THE WASHINGTON POST – “If you have a garden and a library,” wrote the ancient Roman statesman Cicero, “you have everything you need”.
When I started gardening seriously, I turned to books, drawing inspiration and guidance from generations of writer-gardeners, including Cicero. Those writers taught me how to observe a garden, what to pay attention to, what matters. The more I read, the better my observations; the more I observed, the better I understood what I was reading about.
My reading also resolved a lifelong obstacle to gardening: my lack of a green thumb. For years, I held on to a belief that I was far from a natural at nature, and without a green thumb, I assumed I wouldn’t know what to plant, where to plant it or how to make it thrive.
Better not to begin at all.
Gardener-writers helped puncture that belief by dispelling the myth of the green thumb. Vita Sackville-West, a 20th-Century English author, came to gardening as an amateur, too, without formal training in horticulture or garden design.
In time, her garden at Sissinghurst became one of England’s most renowned and revered, a byproduct of her many years of experimentation and innovation.
Sackville-West’s response to the idea of “green fingers” was bracing, “Ask any gardener or farmer what he thinks of it, and you will be rewarded as you deserve by a slow cynical grin and no verbal answer at all, except possibly ‘Green fingers, my foot!’”
The Washington Post’s Henry Mitchell also dispensed with the idea of instinctive horticultural insight.
“There are no green thumbs or black thumbs,” he concluded. “There are only gardeners and non-gardeners. Gardeners are the ones who ruin after ruin get on with the high defiance of nature herself, creating, in the very face of her chaos and tornado, the bower of roses and the pride of irises.”
Per Mitchell, Sackville-West and others, being a gardener means simply gardening – embracing imperfection and ignorance, and persisting in the face of “ruin after ruin”. These writers helped persuade me to begin, and as I’ve gained more knowledge, I’ve come to agree with their view: Nature doesn’t have to come as second nature. Experience is what makes the gardener.

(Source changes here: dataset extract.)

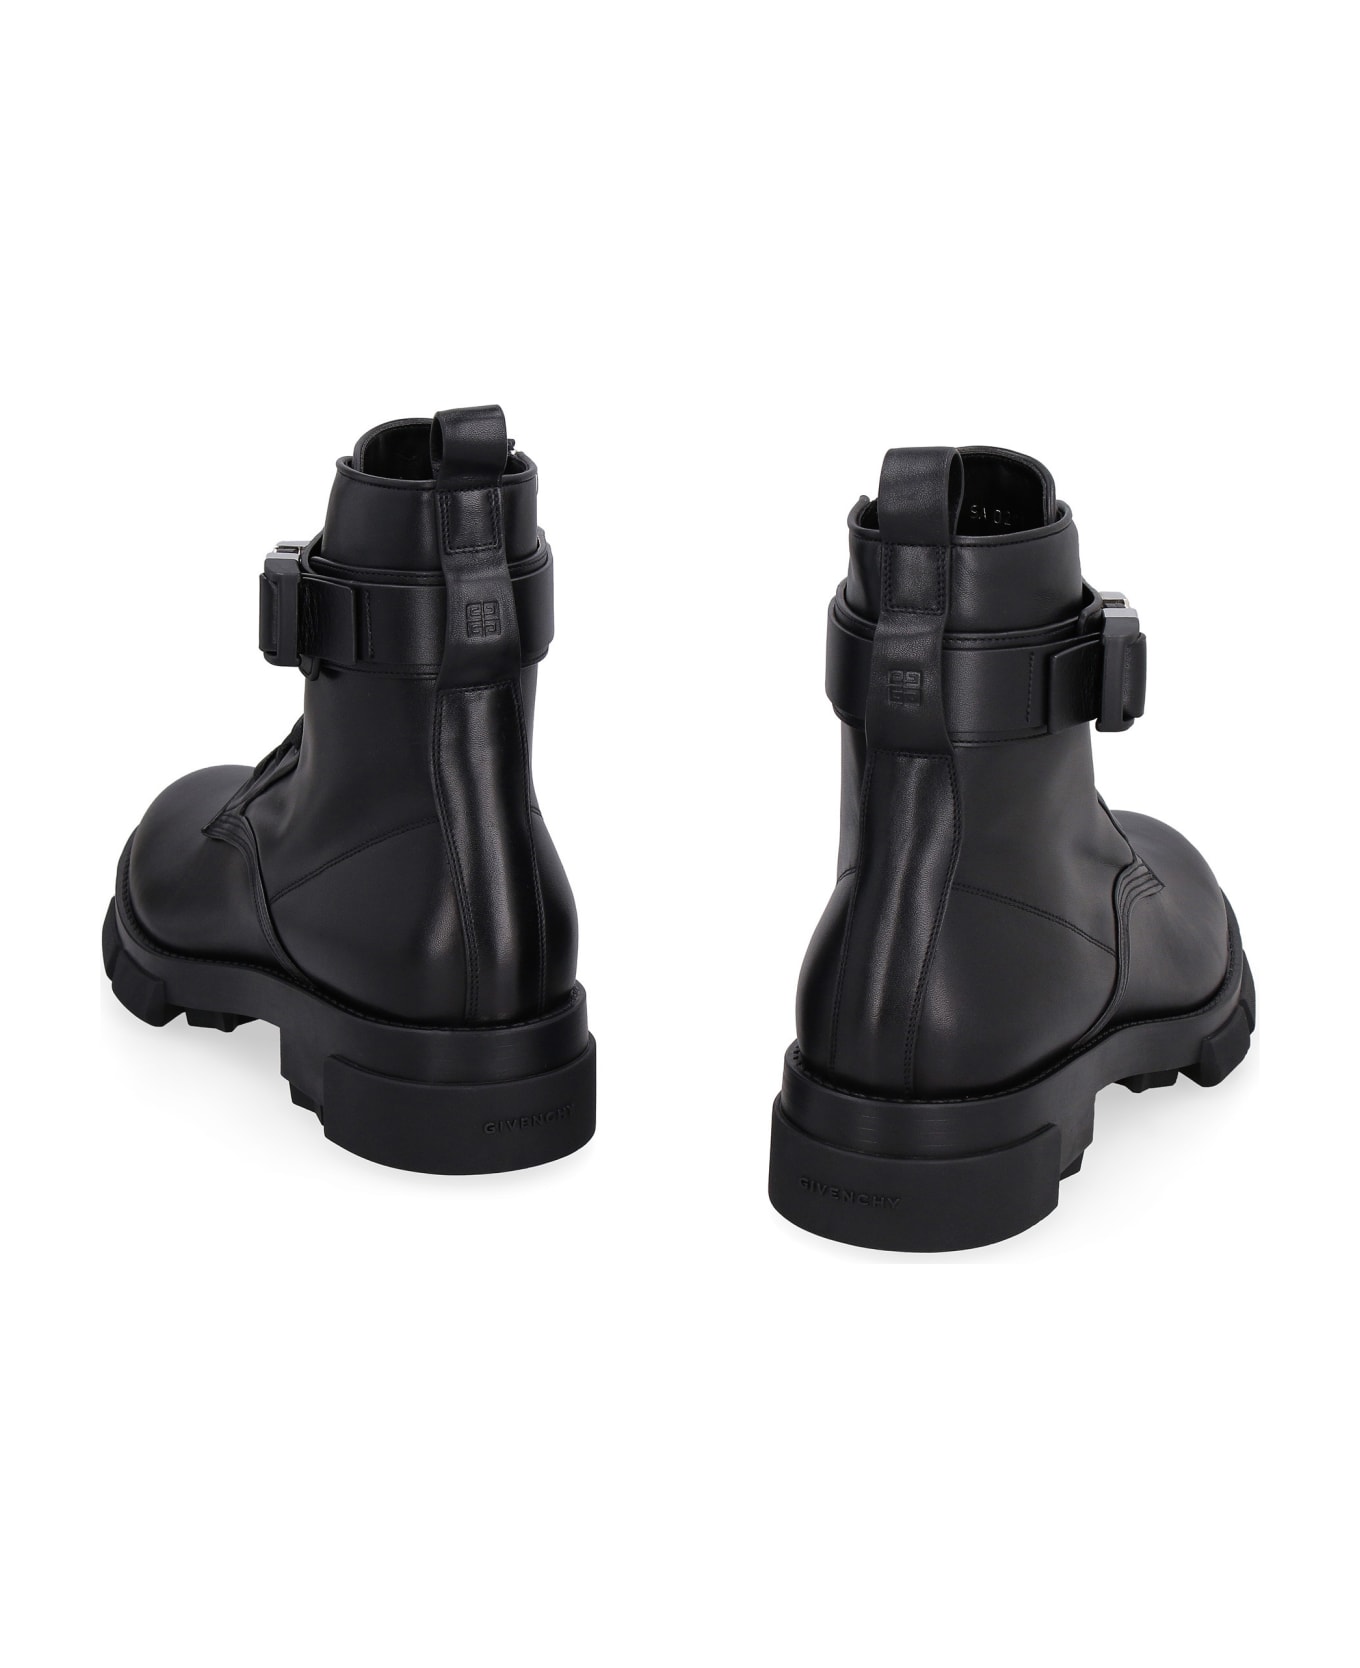 Givenchy Terra Leather Ankle Boots - Black

The trials, the errors, the joys, the agonies: You’re a gardener when you’ve had your share of it all. By this point, I’ve made countless gardening goofs, big and small, and those mistakes have given me a healthy perspective on our limited power over nature. Of course, there are prudent steps to take when planting. If I plant something at the right time of year, with the right level of sunshine above and with good soil below, those plants are more likely to grow and thrive.

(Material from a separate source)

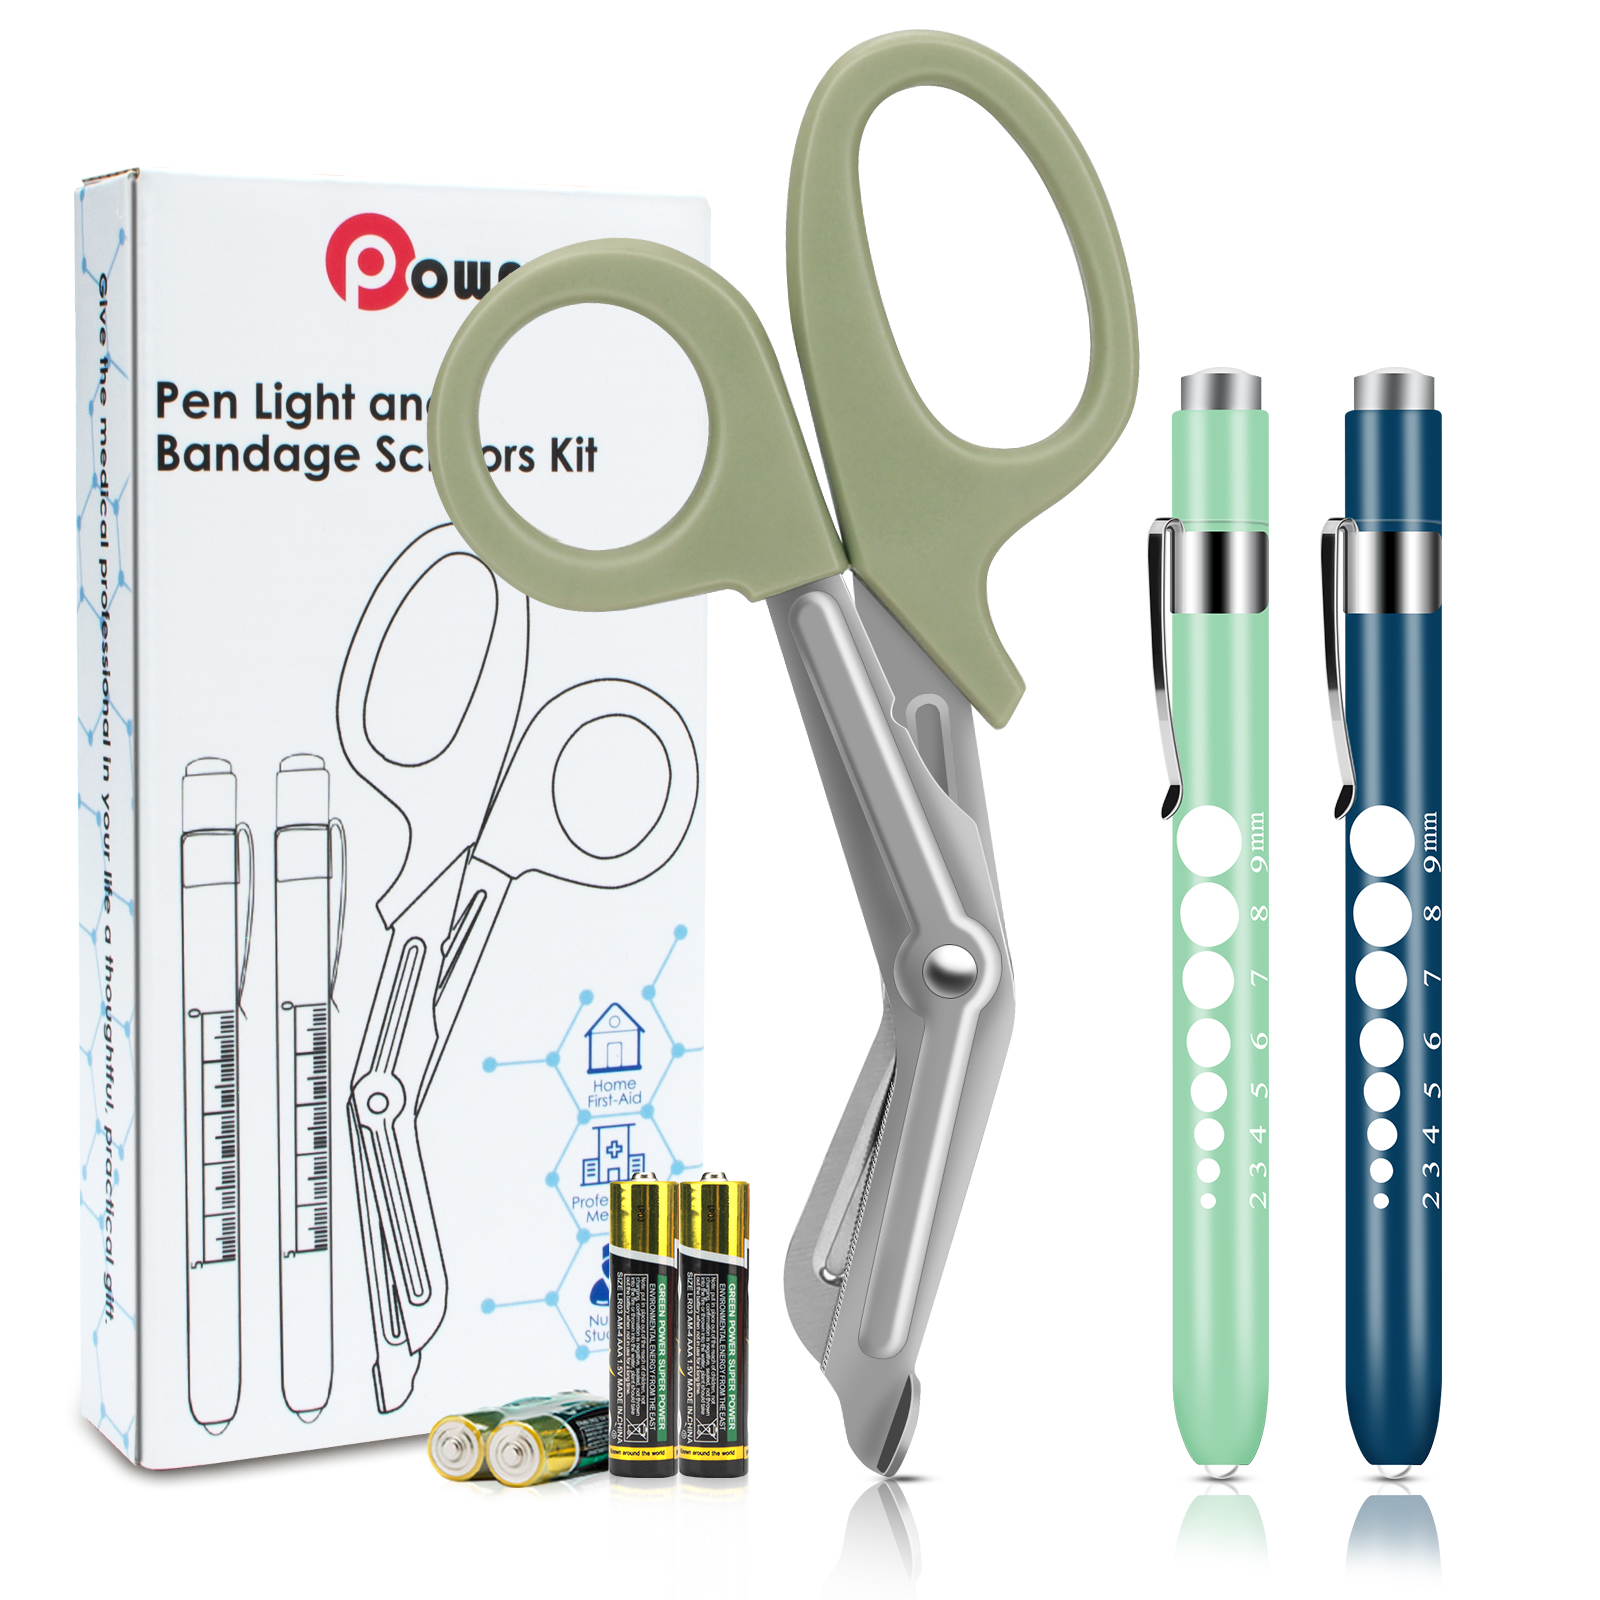 OPOWAY Medical Pen Light and Green Bandage Scissors 3 Pack, Two Reusable LED Pupil Penlight, with Free Batteries

You work with your site instead of battling against it, and select plants suited to the weather, the season, the soil and the sun.
Yet, despite all that, nature will pursue its own course, not the one you’ve paved for it. I remember one year when I took all the care in the world with my cutting garden, specifically my herbaceous peonies.

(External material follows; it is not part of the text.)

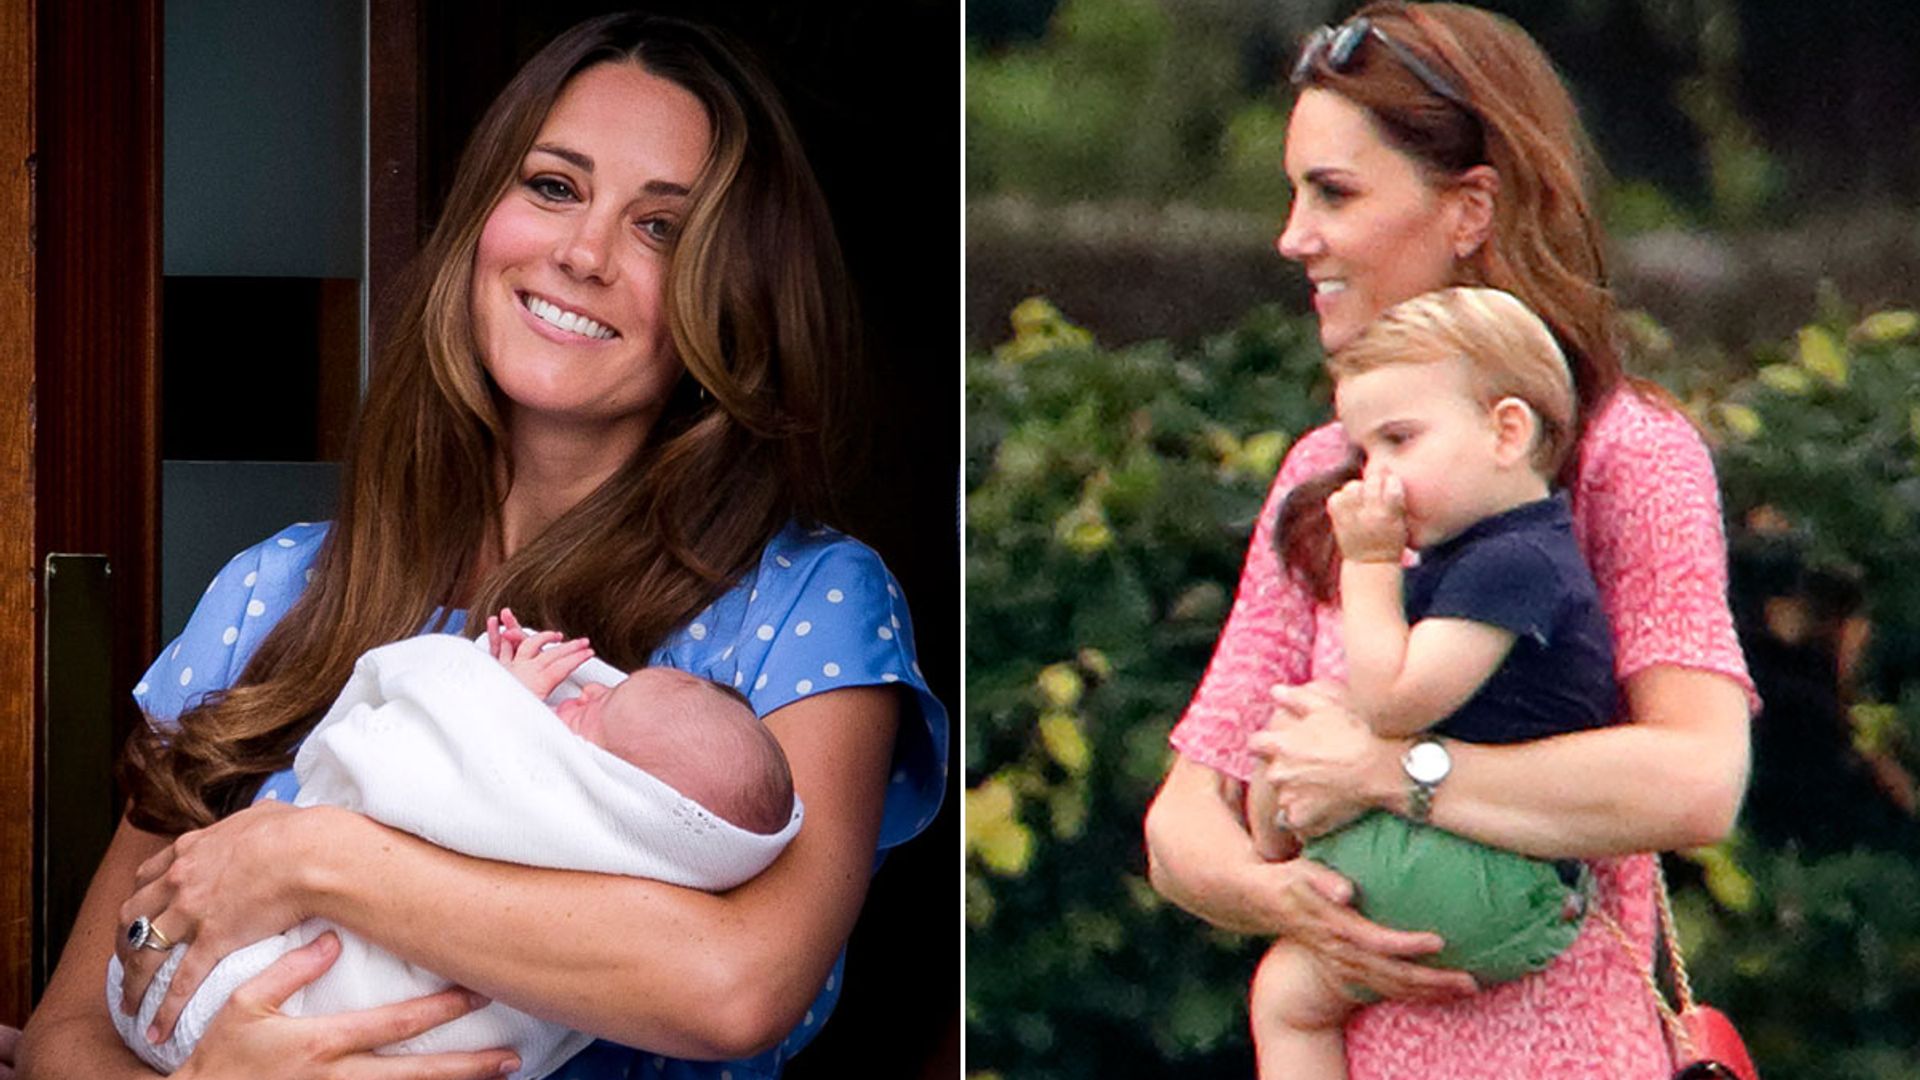 How Kate Middleton has changed since becoming a mother

I checked on them regularly, and eagerly anticipated that moment when they would burst on the scene with all their vibrant exuberance. But nature had different plans: Their blossoming took place in the one week we were away. I returned home to find a bed of fading peony petals – and a lesson in humility.
I had to wait another year to see the peonies’ display, a lesson in another of gardening’s virtues: patience.
“Humility, and the most patient perseverance, seem almost as necessary in gardening as rain and sunshine,” wrote the novelist Elizabeth von Arnim. The time it takes to go from seed to sprout can feel like an eternity, but each time I planted something new, I grew more accustomed to waiting, and I came to appreciate the lull. Nature doesn’t rush, and for me, gardening has become a useful corrective for modern life’s up-to-the-minute hyper-efficiency.
Von Arnim also identified something else that a gardener needs, something far more vital than any illusory green thumbs: hope. In gardening, she observed, “every failure must be used as a stepping stone to something better”.
Something better. If gardeners of the past were sceptics about natural talent, they were also united in their optimism. We garden for a vibrant future, the promise of plant life to come.
And that hope, it seems to me, is so much of what makes gardening joyful and meaningful.
I lost decades of that joy and meaning because I didn’t see myself as a gardener. So I join with fellow amateur gardeners – which is to say, all of them – and urge you not to be deterred if you are a novice.
As it turns out, Cicero was right: I had all that I needed, including the only thumb required, which was the one I used to turn the pages in books and the trowel in my soil.